Not for this PR, but I did some performance testing and we'll probably want to address this at some point:
SDXL:
>>> Time taken to prepare attention processors: 0.10069823265075684s
>>> Time taken to prepare attention processors: 0.07877492904663086s
>>> Time taken to set attention processors: 0.1278061866760254s
>>> Time taken to reset attention processors: 0.13225793838500977s
Code used to measure:
def apply_custom_attention(self, unet: UNet2DConditionModel):
"""A context manager that patches `unet` with CustomAttnProcessor2_0 attention layers."""
start = time.time()
attn_procs = self._prepare_attention_processors(unet)
time_1 = time.time()
print(f">>> Time taken to prepare attention processors: {time_1 - start}s")
orig_attn_processors = unet.attn_processors
time_2 = time.time()
print(f">>> Time taken to prepare attention processors: {time_2 - time_1}s")
try:
# Note to future devs: set_attn_processor(...) does something slightly unexpected - it pops elements from
# the passed dict. So, if you wanted to keep the dict for future use, you'd have to make a
# moderately-shallow copy of it.

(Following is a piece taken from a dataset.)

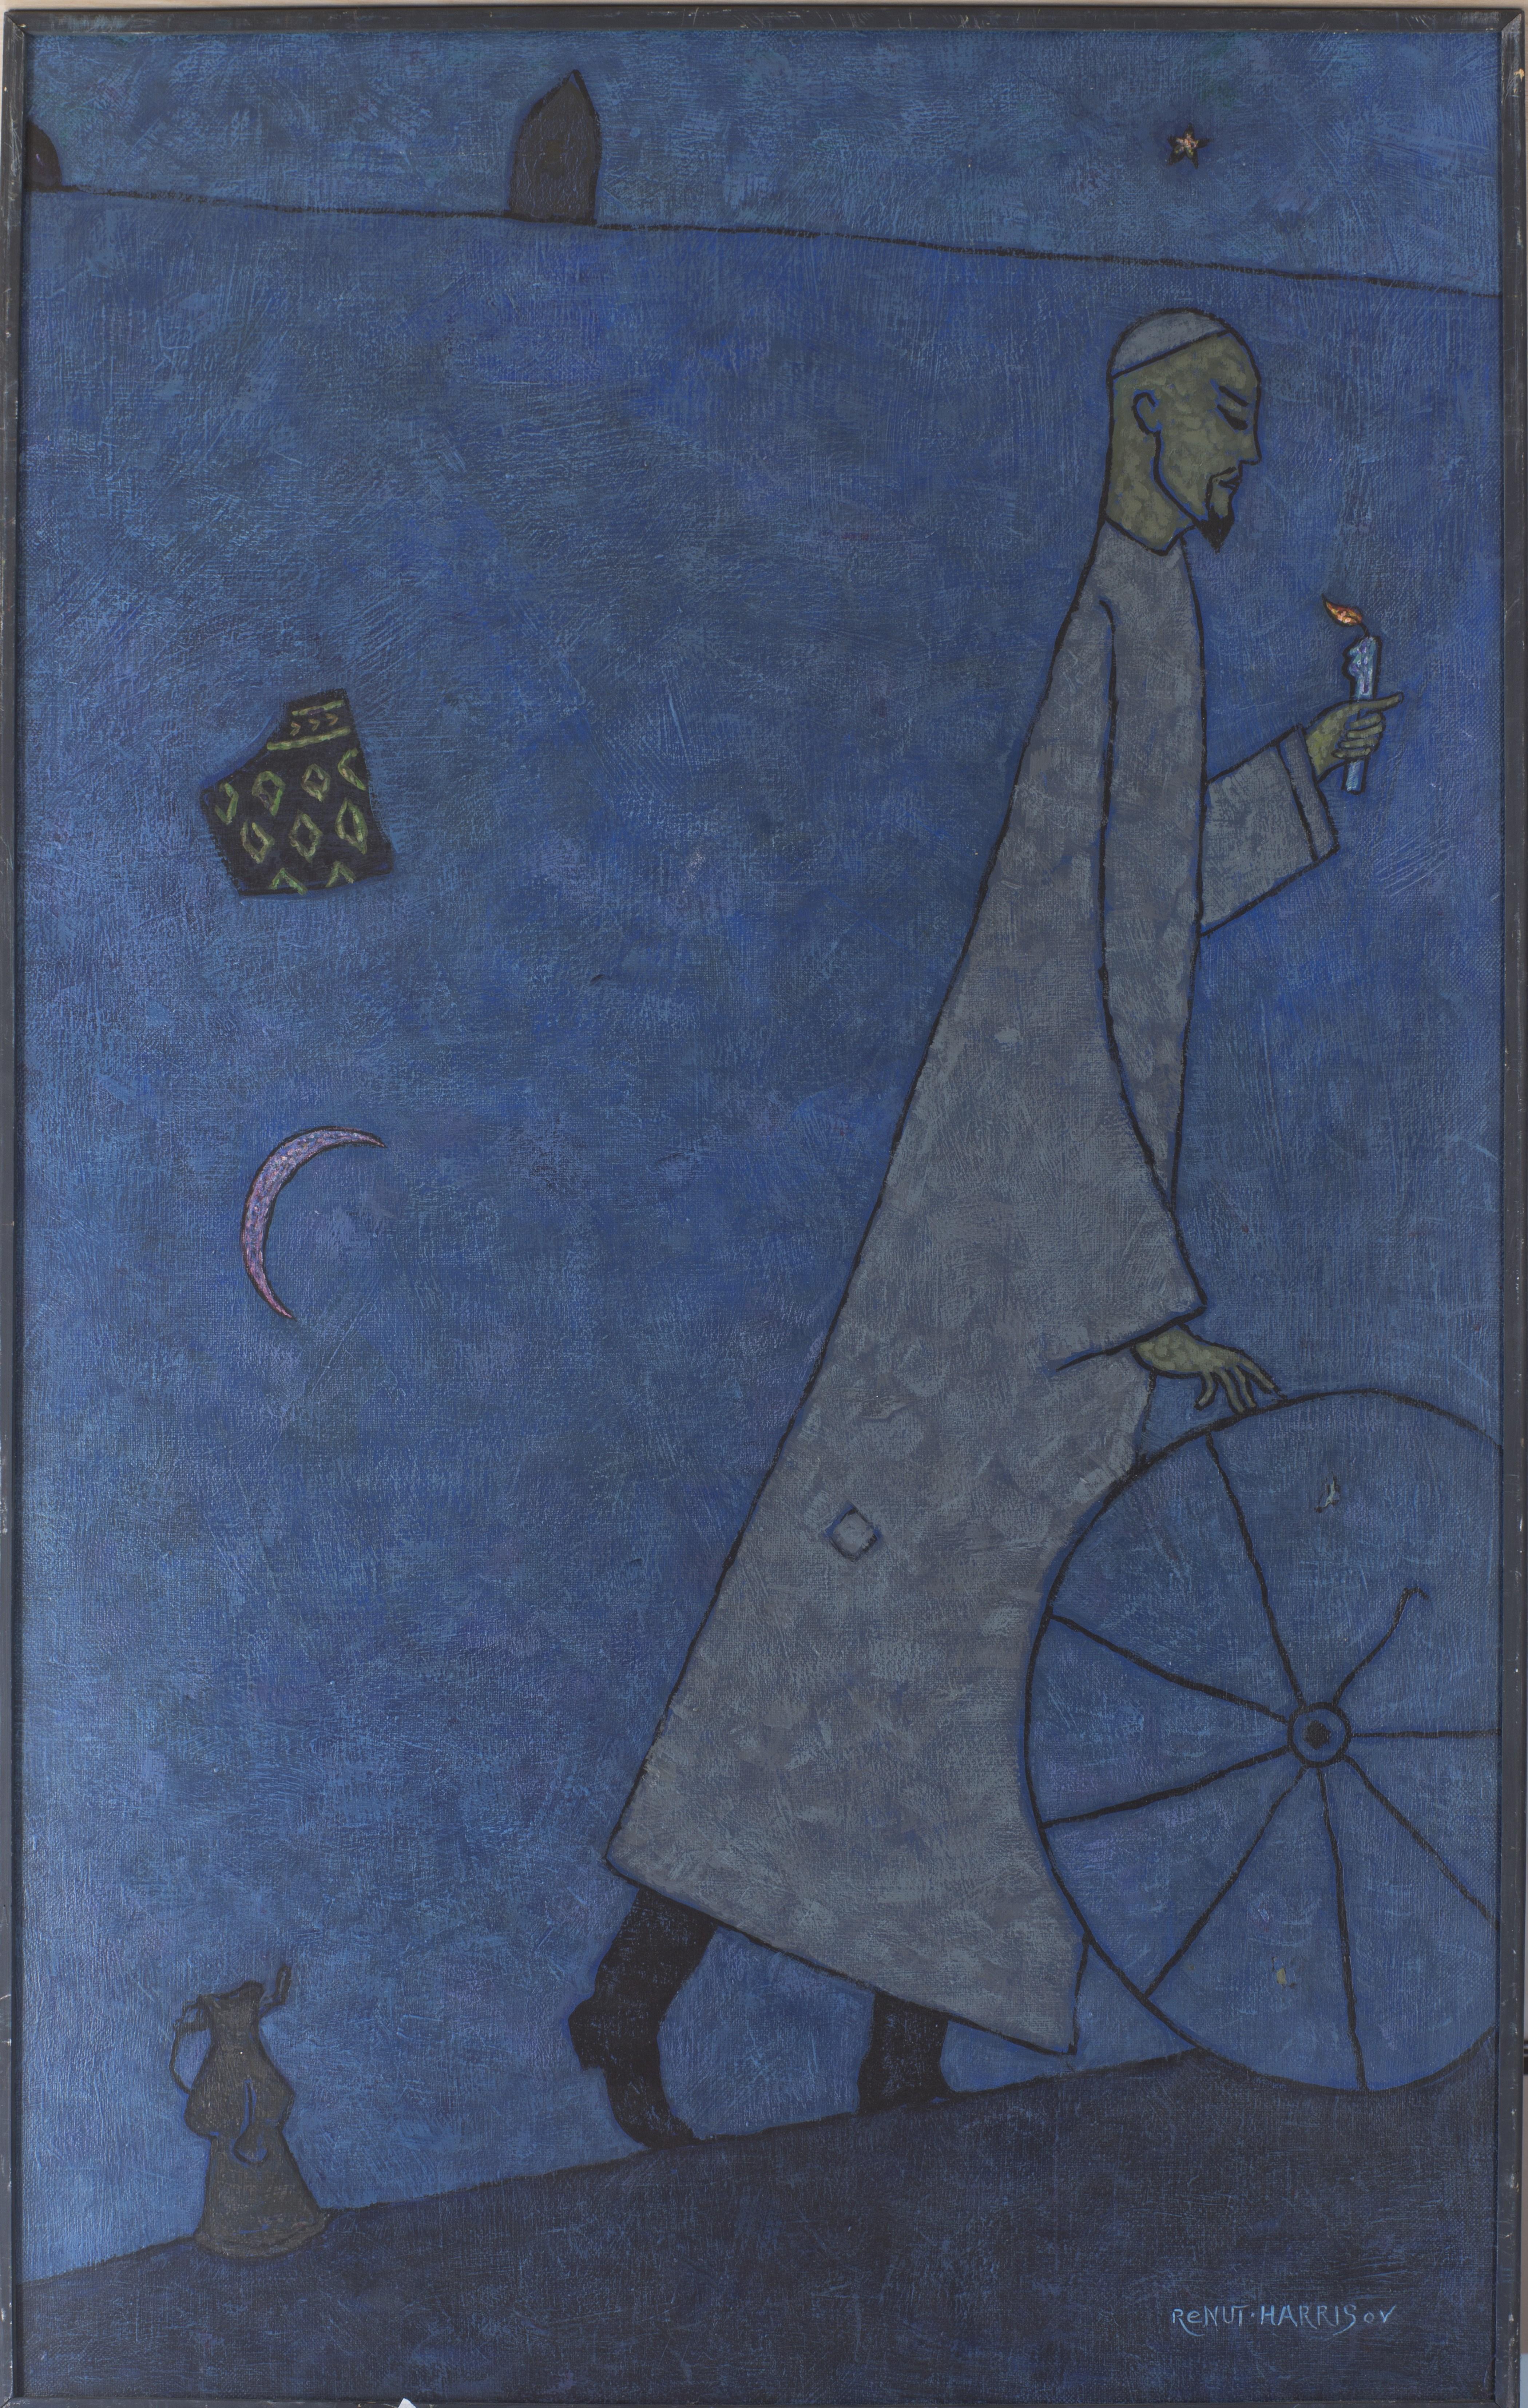 Ринат Харисов. Идущий ночью. Посвящение Акмулле. 2008. Холст, акрил. 130х81. Коллекция Фонда Марджани.jpg

E.g. `attn_procs_copy = {k: v for k, v in attn_procs.items()}`.
unet.set_attn_processor(attn_procs)
time_3 = time.time()
print(f">>> Time taken to set attention processors: {time_3 - time_2}s")
yield None
finally:
time_4 = time.time()
unet.set_attn_processor(orig_attn_processors)
time_5 = time.time()
print(f">>> Time taken to reset attention processors: {time_5 - time_4}s")
It looks like there was a significant re-write of the attention logic after the latest round of review and testing on this PR. @StAlKeR7779 can you shed some light on the benefits / motivation for that latest re-write?
Given the amount of testing and discussion that went into this branch before the re-write, I'm wondering if we should revert those latest changes, merge this PR, and then open a new PR with the changes. Let me know what you think.